Patient eligibility for matched oncogene-targeted therapies relies on detection by immunohistochemistry, Next Generation Sequencing (NGS) or PCR, but often is limited by clinical centers’ practice, lab capabilities and tissue-availability. Here, we tested the ability to predict oncogenic drivers (BRAF mutations and NTRK gene fusions) from thyroid tumors H&E whole slide images (WSIs) as a method to enrich for likely-positive patients that would merit NGS testing and benefit from targeted therapy.

Methods

Using a set (N=833, of which BRAF+= 424, NTRK+= 43) of four cohorts (TCGA, Larotrectinib and Sorafenib trials and a biobank) of thyroid (mainly papillary and some anaplastic) carcinoma H&E stained digitized images we trained deep learning models to detect two known molecular oncogenic drivers: BRAF (mainly V600E) mutation (BRAF+) and NTRK gene fusions (NTRK+). We implemented an attention-based multiple instance learning (MIL) classifier and assessed its generalization in a leave-one-cohort-out paradigm. Different preanalytical variables (staining/section thickness/scanning) were evaluated. All slides and MIL heatmaps were reviewed by a pathologist to confirm areas of interest of the algorithm.

Results

Our MIL approach model detected both oncogenic drivers, with AUC up to 0.82 for BRAF+ and 0.90 for NTRK+ respectively. The model displayed highest attention in tumor areas (even in presence of immune infiltrate/normal glands), while being able to deal with various lab protocols in unseen cohorts.

Conclusions

Our work shows that widely available H&E WSIs contain features that can predict the molecular status of BRAF+ and NTRK+, even when using a relatively small set of data (due to the rarity of NTRK+). Further refinement with additional datasets is ongoing. This deep learning method could offer a rapid and tissue-sparing alternative molecular diagnostic pathway supporting further detection and enrichment of NTRK+ patients. This would catalyze pathology workflows to bring additional efficiencies in testing of patients with the highest probability of having this rare molecular alteration, and provide them with opportunities to benefit from an NTRK targeted therapy.

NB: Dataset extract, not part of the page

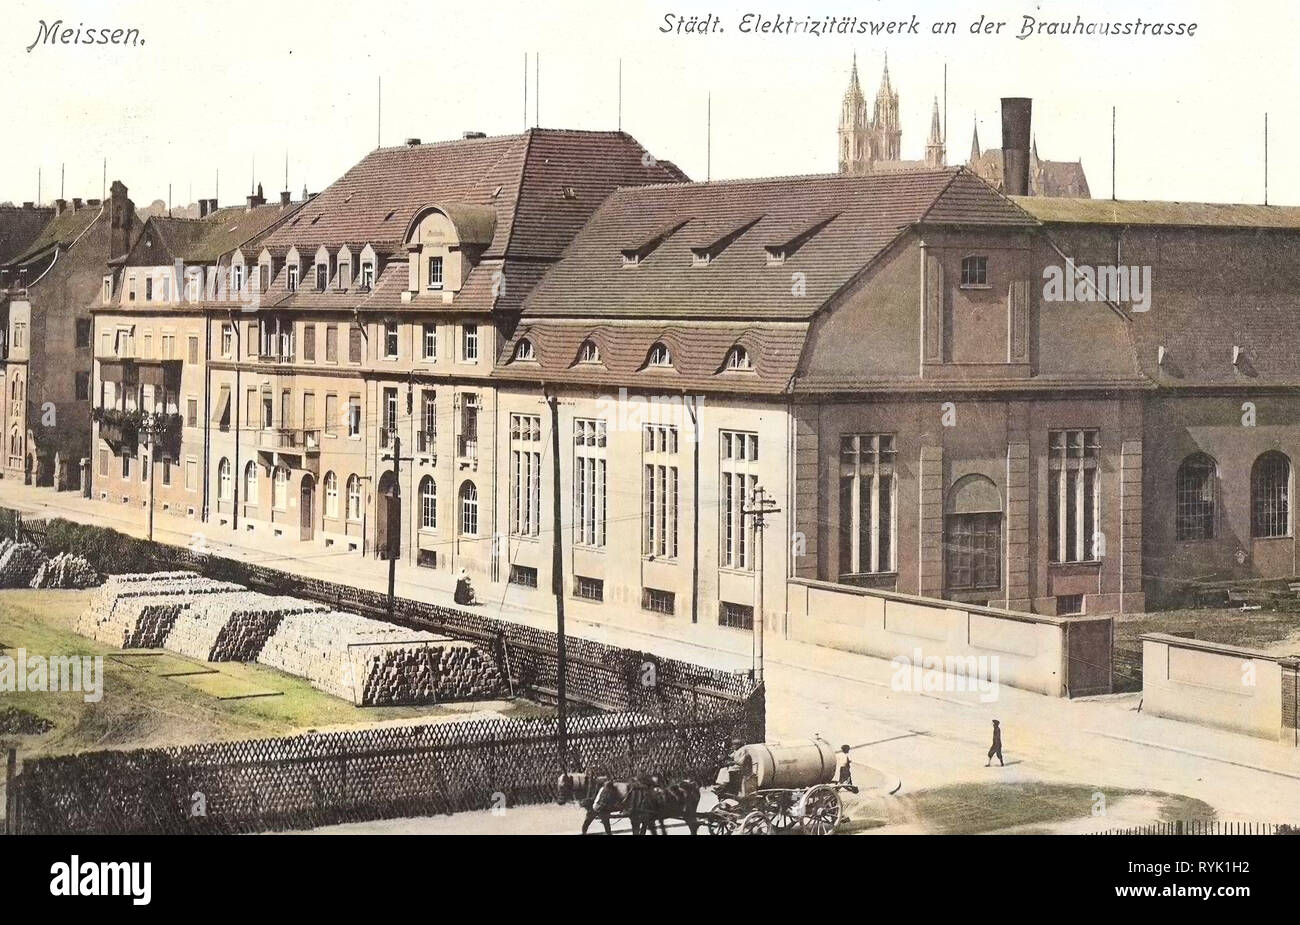 Breweries in Saxony, Transport of liquid, Buildings in Meißen, Meissen Cathedral, Picket fences in Germany, 1913, Meißen, Brauhausstraße, Elektrizitätswerk Stock Photo
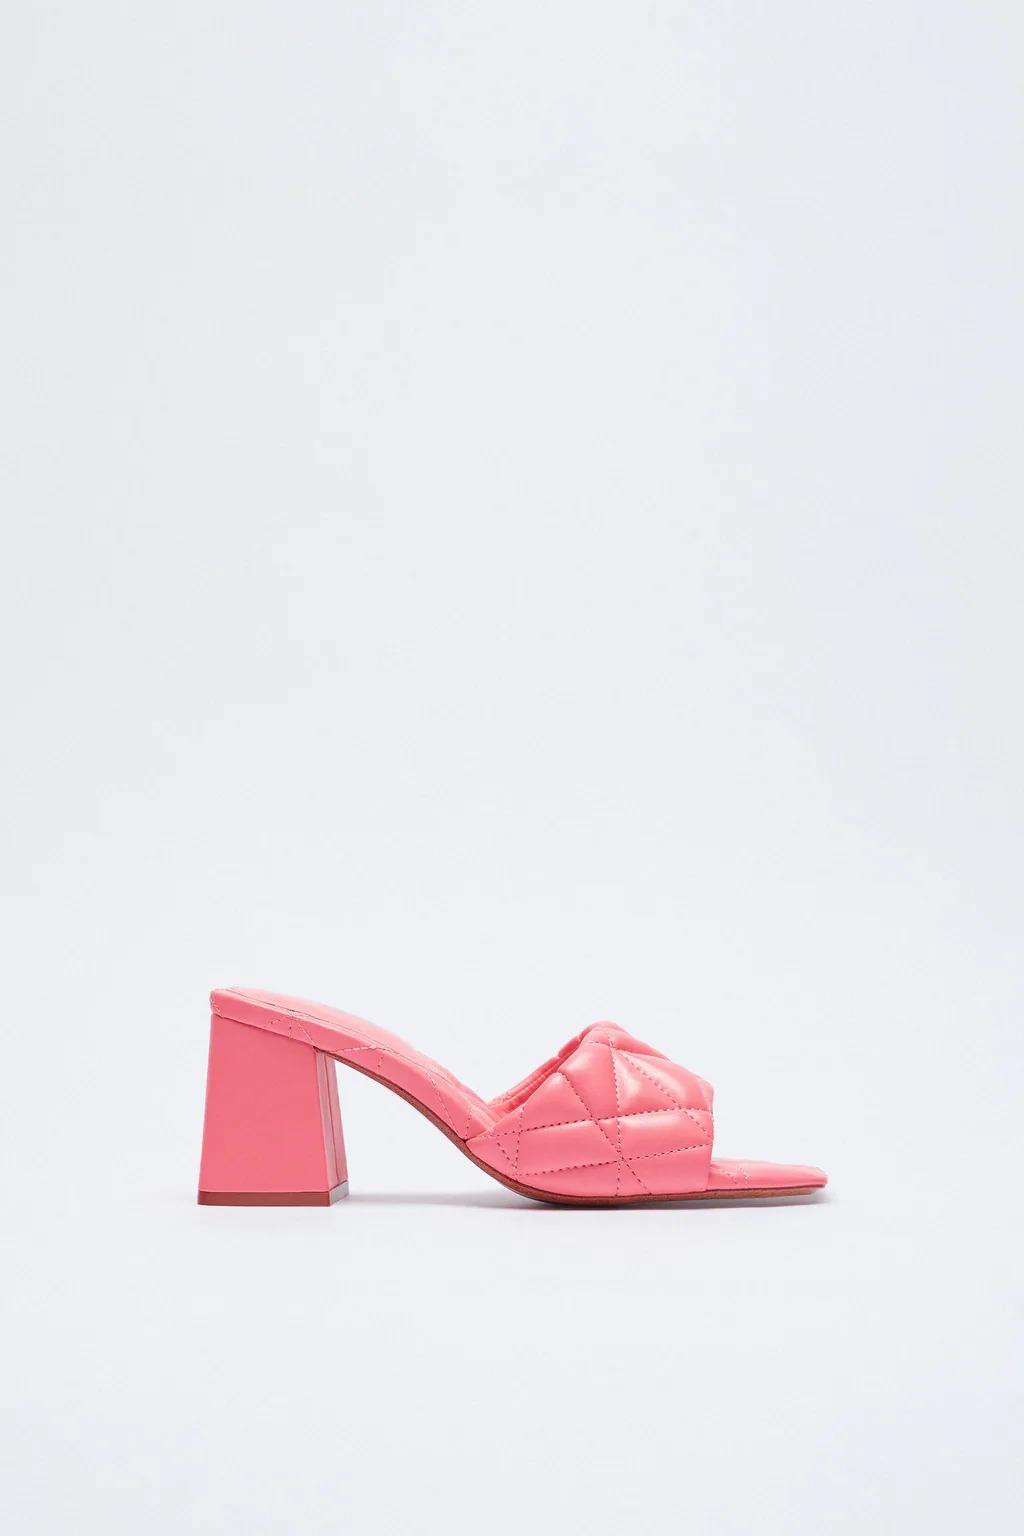 Sandalia acolchada rosa

Clinical trial identification

Editorial acknowledgement

Legal entity responsible for the study

Bayer Pharmaceuticals.

Funding

Bayer Pharmaceuticals.

Disclosure

M. Williams: Financial Interests, Personal, Advisory Role: Bayer, Roche. V. Pelekanou: Financial Interests, Personal, Full or part-time Employment: Bayer, Sanofi. J. Hoehne, T.A. Bal, T. Banerji, J. Ferrer, M. Theron, M. Lenga, E. Di Tomaso: Financial Interests, Personal, Full or part-time Employment: Bayer. J.D. Zoete: Financial Interests, Personal, Full or part-time Employment: Bayer; Financial Interests, Personal, Stocks/Shares: Bayer. A. Schmitz: Financial Interests, Personal, Full or part-time Employment: Bayer; Financial Interests, Personal, Stocks/Shares: Bayer. V. Bernard-Gauthier: M. Rudolph: Financial Interests, Personal, Full or part-time Employment: Bayer; Financial Interests, Personal, Stocks/Shares: Bayer. M.E. Cabanillas: Financial Interests, Personal, Advisory Role: Lilly, Bayer; Financial Interests, Personal, Advisory Board: Exelixis, Bayer; Financial Interests, Personal, Other, Research: Genentech, Exelixis, Eisai, Merck.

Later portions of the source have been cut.